** EXERCISE DIRECTIONS **
Your job with the data below is to output exactly the lines from the one holding "NWA5301-NJ User’s Guide" down to the one holding "Thirty-two people died", both included, and no others.

Records from a dataset:
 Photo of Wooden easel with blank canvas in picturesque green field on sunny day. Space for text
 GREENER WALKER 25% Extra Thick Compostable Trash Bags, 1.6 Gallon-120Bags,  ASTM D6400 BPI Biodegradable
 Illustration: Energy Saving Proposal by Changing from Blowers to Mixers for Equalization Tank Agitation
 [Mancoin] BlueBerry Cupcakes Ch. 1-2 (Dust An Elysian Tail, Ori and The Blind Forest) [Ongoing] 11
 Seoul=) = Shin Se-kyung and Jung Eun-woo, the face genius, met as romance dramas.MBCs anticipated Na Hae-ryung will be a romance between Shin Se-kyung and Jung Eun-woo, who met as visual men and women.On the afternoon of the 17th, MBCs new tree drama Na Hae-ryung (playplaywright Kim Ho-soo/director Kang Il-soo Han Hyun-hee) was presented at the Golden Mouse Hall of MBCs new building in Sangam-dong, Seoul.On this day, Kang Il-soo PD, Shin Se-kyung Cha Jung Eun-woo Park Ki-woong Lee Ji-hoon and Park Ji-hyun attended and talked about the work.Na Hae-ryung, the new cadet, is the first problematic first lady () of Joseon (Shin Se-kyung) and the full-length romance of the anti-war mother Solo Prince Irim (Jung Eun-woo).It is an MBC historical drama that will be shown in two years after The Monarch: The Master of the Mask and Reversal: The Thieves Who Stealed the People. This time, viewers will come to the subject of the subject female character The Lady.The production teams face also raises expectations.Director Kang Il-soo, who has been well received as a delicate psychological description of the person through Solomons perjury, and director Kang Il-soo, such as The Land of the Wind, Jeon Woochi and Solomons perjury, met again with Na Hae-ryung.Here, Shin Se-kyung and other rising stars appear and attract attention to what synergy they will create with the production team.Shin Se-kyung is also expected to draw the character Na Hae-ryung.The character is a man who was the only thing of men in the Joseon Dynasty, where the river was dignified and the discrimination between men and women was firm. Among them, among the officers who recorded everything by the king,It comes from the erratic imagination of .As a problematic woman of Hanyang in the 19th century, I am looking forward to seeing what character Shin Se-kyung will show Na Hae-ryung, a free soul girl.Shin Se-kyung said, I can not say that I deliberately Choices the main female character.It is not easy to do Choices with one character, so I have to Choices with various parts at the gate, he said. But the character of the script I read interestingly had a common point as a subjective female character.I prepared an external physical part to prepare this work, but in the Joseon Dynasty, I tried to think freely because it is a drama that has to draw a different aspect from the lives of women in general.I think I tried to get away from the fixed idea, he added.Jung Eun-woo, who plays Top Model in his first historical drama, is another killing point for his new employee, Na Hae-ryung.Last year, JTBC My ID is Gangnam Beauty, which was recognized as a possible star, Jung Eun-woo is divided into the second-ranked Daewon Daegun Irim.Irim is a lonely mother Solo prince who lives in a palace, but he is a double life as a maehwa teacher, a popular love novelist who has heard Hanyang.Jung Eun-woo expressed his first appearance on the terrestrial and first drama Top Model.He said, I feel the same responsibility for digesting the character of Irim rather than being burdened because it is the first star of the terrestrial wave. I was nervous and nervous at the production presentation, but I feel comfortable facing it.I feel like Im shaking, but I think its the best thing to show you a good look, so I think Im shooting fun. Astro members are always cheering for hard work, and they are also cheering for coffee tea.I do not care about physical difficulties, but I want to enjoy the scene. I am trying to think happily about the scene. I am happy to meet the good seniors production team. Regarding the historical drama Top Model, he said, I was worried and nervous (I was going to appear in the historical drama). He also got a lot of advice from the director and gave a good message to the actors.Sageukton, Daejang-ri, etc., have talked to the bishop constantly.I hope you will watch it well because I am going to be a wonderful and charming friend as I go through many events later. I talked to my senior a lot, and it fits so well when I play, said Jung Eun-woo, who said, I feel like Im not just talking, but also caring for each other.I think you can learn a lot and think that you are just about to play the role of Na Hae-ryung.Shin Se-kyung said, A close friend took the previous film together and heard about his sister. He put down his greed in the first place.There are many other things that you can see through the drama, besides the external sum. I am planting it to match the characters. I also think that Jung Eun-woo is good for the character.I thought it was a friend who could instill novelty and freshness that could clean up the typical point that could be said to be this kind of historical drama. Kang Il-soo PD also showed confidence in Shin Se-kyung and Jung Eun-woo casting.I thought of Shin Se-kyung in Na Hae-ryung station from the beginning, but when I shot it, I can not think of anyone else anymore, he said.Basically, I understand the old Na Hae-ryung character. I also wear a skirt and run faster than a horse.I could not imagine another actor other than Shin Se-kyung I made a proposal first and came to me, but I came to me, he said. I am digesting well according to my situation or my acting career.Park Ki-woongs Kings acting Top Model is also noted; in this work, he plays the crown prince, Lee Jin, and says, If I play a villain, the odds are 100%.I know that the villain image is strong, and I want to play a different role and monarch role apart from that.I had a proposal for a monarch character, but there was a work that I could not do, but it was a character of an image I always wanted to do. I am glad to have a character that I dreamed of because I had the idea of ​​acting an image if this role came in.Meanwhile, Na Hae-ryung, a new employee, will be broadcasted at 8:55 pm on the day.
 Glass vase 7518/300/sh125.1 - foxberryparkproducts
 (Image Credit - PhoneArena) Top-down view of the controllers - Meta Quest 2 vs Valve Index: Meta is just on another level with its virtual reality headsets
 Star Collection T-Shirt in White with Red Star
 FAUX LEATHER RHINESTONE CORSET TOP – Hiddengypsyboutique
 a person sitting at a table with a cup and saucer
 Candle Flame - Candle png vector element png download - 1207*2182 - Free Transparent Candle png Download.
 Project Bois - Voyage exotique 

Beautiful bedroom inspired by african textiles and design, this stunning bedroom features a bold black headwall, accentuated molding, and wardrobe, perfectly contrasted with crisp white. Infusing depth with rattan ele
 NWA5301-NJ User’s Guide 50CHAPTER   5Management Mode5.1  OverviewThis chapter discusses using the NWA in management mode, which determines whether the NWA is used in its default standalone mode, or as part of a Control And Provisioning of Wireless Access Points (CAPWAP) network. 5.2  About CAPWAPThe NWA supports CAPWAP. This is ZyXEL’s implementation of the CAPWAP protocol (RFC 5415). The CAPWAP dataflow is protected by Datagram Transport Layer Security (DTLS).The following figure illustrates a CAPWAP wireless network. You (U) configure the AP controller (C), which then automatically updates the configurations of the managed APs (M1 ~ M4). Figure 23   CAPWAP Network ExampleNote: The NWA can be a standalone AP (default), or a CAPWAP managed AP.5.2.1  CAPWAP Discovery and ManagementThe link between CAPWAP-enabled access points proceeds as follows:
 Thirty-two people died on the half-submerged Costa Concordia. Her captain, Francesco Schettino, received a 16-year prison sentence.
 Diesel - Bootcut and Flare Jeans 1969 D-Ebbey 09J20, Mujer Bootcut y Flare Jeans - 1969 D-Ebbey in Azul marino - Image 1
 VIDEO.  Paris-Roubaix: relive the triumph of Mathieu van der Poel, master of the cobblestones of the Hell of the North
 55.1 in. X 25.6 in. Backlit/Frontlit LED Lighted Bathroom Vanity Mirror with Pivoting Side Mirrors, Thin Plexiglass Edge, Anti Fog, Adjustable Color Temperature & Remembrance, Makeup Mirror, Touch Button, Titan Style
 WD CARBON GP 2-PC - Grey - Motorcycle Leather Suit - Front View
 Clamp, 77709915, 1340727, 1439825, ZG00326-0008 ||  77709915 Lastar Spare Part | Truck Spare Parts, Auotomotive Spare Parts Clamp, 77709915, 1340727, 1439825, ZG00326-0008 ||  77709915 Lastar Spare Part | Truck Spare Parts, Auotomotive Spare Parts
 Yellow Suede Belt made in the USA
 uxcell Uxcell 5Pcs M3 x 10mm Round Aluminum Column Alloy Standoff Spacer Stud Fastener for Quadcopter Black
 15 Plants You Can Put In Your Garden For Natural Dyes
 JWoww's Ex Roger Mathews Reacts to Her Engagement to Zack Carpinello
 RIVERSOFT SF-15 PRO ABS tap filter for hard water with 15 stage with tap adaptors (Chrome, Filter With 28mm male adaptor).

** RESULT FOR THIS TASK **
 NWA5301-NJ User’s Guide 50CHAPTER   5Management Mode5.1  OverviewThis chapter discusses using the NWA in management mode, which determines whether the NWA is used in its default standalone mode, or as part of a Control And Provisioning of Wireless Access Points (CAPWAP) network. 5.2  About CAPWAPThe NWA supports CAPWAP. This is ZyXEL’s implementation of the CAPWAP protocol (RFC 5415). The CAPWAP dataflow is protected by Datagram Transport Layer Security (DTLS).The following figure illustrates a CAPWAP wireless network. You (U) configure the AP controller (C), which then automatically updates the configurations of the managed APs (M1 ~ M4). Figure 23   CAPWAP Network ExampleNote: The NWA can be a standalone AP (default), or a CAPWAP managed AP.5.2.1  CAPWAP Discovery and ManagementThe link between CAPWAP-enabled access points proceeds as follows:
 Thirty-two people died on the half-submerged Costa Concordia. Her captain, Francesco Schettino, received a 16-year prison sentence.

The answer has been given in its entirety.